Литмир - Электронная Библиотека

– О! А я тебя знаю! – возвестил он весело, протягивая руку, свободную от сценария. – Видел на лекциях. А что ты так смотришь строго?

– Не мог бы ты перестать вести себя, как ребёнок, – холодно отчеканила красавица, сдержанно отвечая на рукопожатие. – Оливия. Оливия Маркес.

– Вау, класс – Маркес, как Габриэль Гарсия?

– Оливия Маркес, – подчёркнуто медленно и без улыбки повторила она.

Больше он с нею не шутил.

Репетиция была долгой – Гилберт не рассчитывал на неё, так что даже пришлось позвонить на работу, предупредить, что задерживается. Режиссёр долго «сыгрывал» их, устраивая читку то одной, то другой сцены.
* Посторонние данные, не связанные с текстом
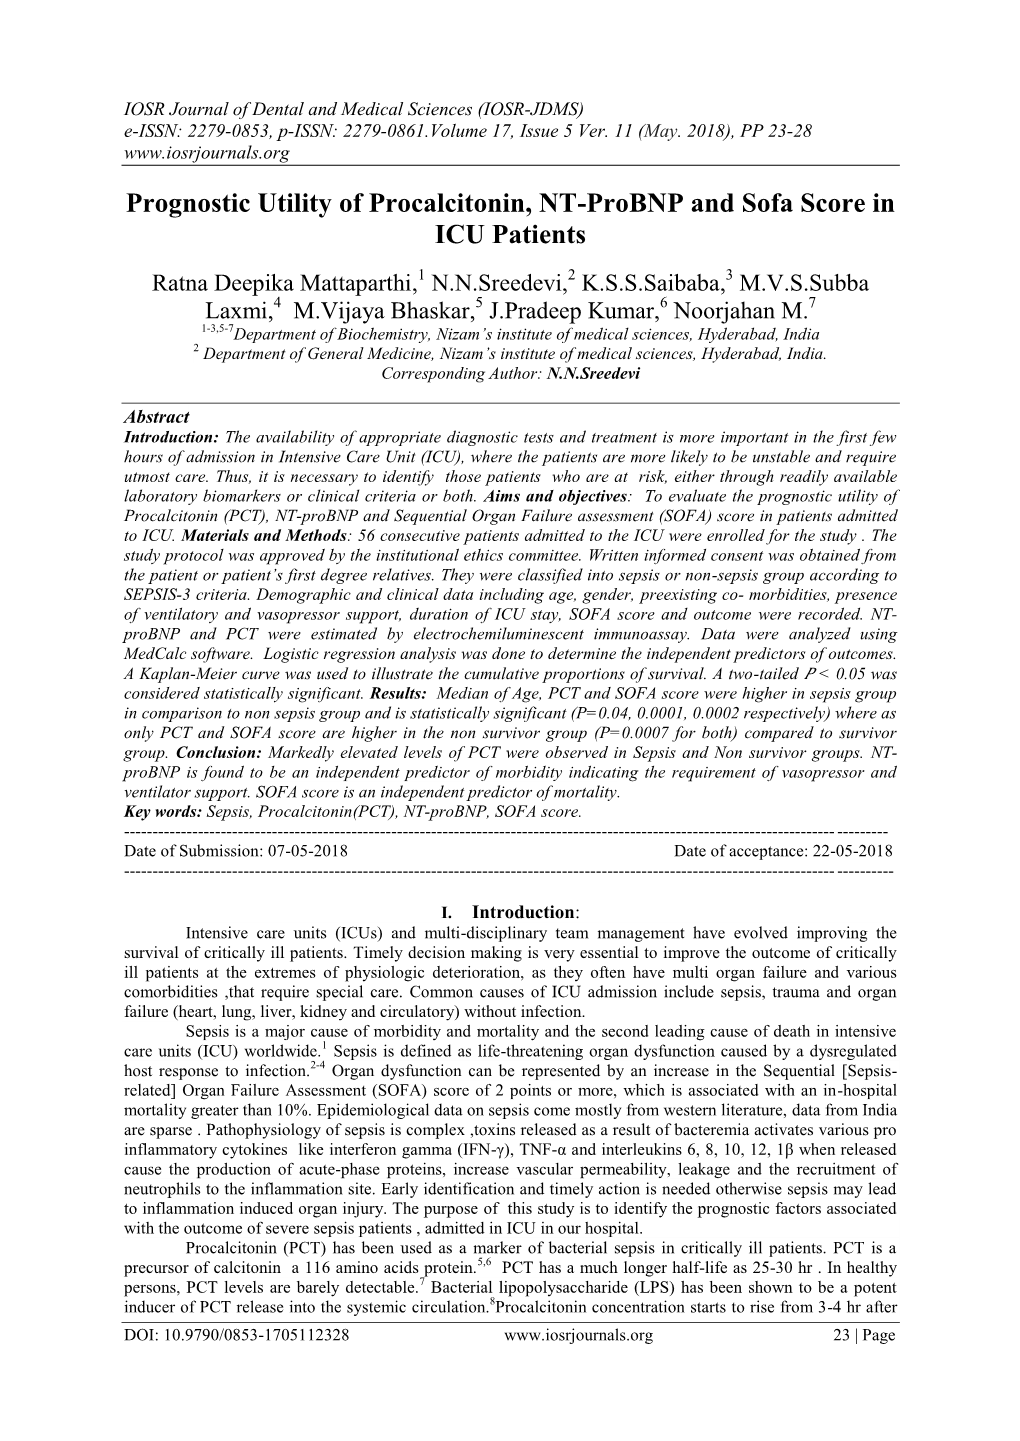 Prognostic Utility of Procalcitonin, NT-Probnp and Sofa Score in ICU Patients
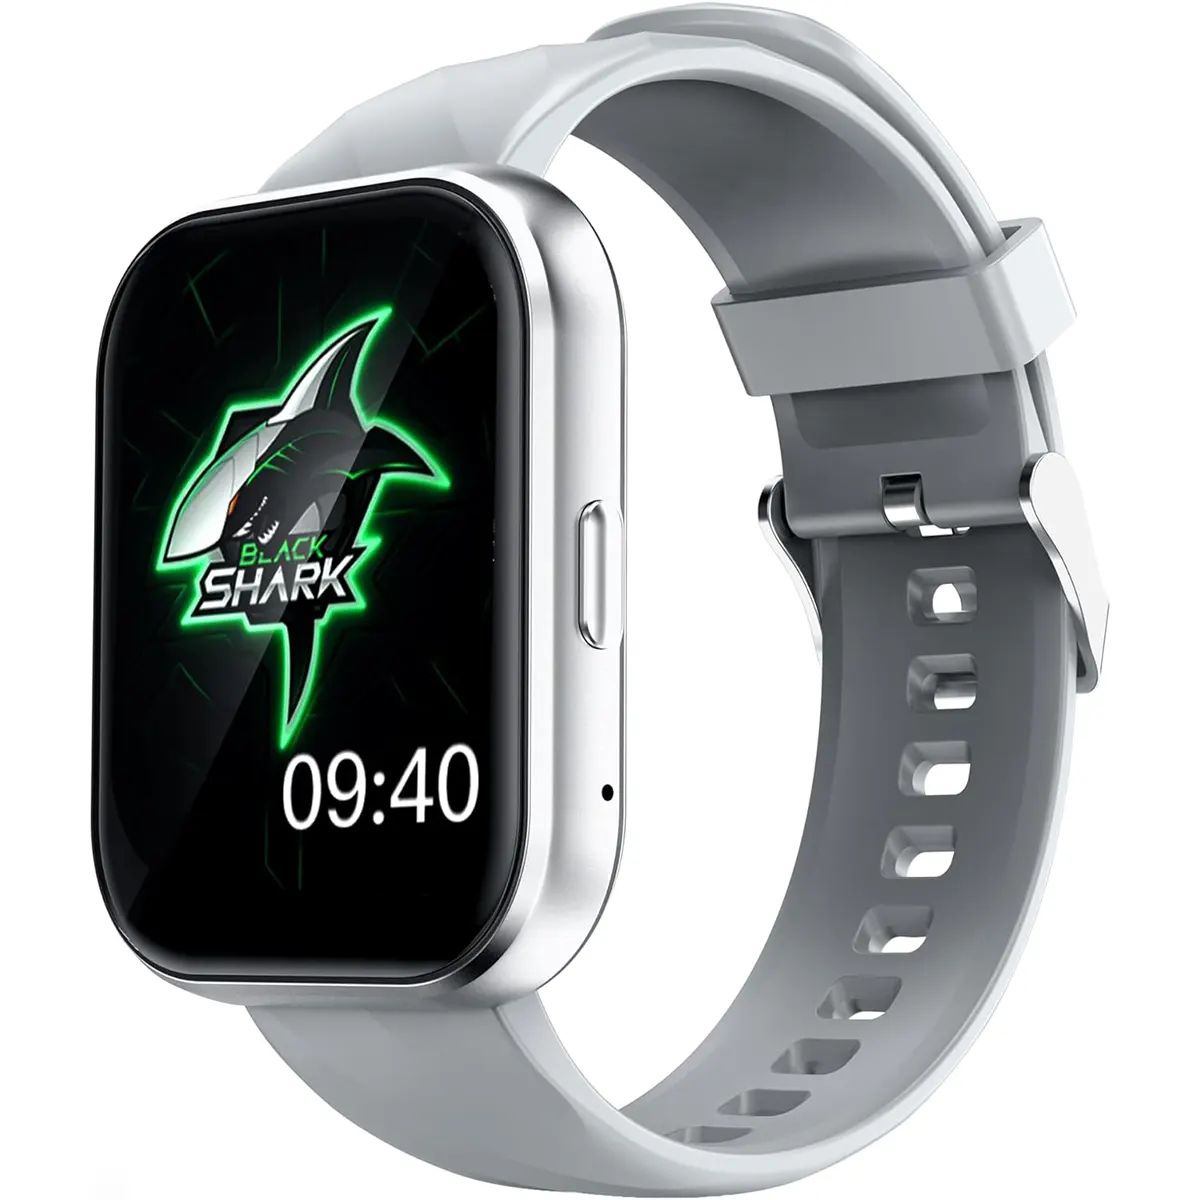 ساعت هوشمند بلک شارک Black Shark GT Neo Smart Watch رنگ نقره ای (7)

С Оливией он прорабатывал каждую фразу, с Гилбертом – каждую третью, что только убедило его в том, что роль ему досталась только на время поиска основного актёра. Холодность партнёрши удивляла его. Они читали, и он то и дело украдкой разглядывал в пыльном свете прожекторов её профиль. Холодность казалась ему чрезмерной, наигранной. Его ело любопытство, из-за чего она старается произвести на всех такое отталкивающее впечатление. Играть с нею было интересно; Гилберт чувствовал, как почти без усилий может увести её за собой, и она легко поддавалась его манере. И это опять было странно – то, что с такой уверенной холодностью она была так ведома.

– Я жду вас завтра, ровно в восемь, – строго сказал режиссёр, и Гилберт принялся торопливо думать, как ему разрулить расписание ради этих временных репетиций. Оливия холодно кивнула им на прощанье, сердито стуча каблуками по пути к гримуборной.

Бывает, что ещё не заболев, иногда чувствуешь приближение болезни; угадываешь её близость и с тяжестью понимаешь, что болезни не избежать. Так и произошло с ним в тот вечер – как изматывающее недомогание, он предчувствовал свою любовь, ещё не обретшую чёткой формы. Стремясь успеть-таки хоть на одну из работ, Гилберт быстро шёл по коридору, когда заметил, что один из шнурков опять развязался. Оливия ждала кого-то на диванчике в холле, и он, наклонившись, совершенно случайно повернулся и, так и сидя на корточках, заметил её глаза.

Она склонялась над мобильным, низко опустив голову; волосы падали ей на лицо. Вся посадка её говорила о какой-то глубокой печали, и глаза – те прозрачные голубые глаза, которые только что впивались в собеседника холодом – сейчас смотрели так грустно, как будто оттаяли за эти несколько минут.

И Гилберт почувствовал, что болезнь близко; что он уже заразился, и избежать её уже не сможет.

Но он и не хотел избегать. На следующий день, неожиданно для себя, он бежал на репетицию, как школьник. Смотреть на Оливию и пытаться снова увидеть, как в её голубых глазах тает лёд, стало его главным стремлением и почти зависимостью. Репетиции шли каждый день, и когда начались первые прогоны на сцене, Гилберт уже знал, что влюблён навсегда.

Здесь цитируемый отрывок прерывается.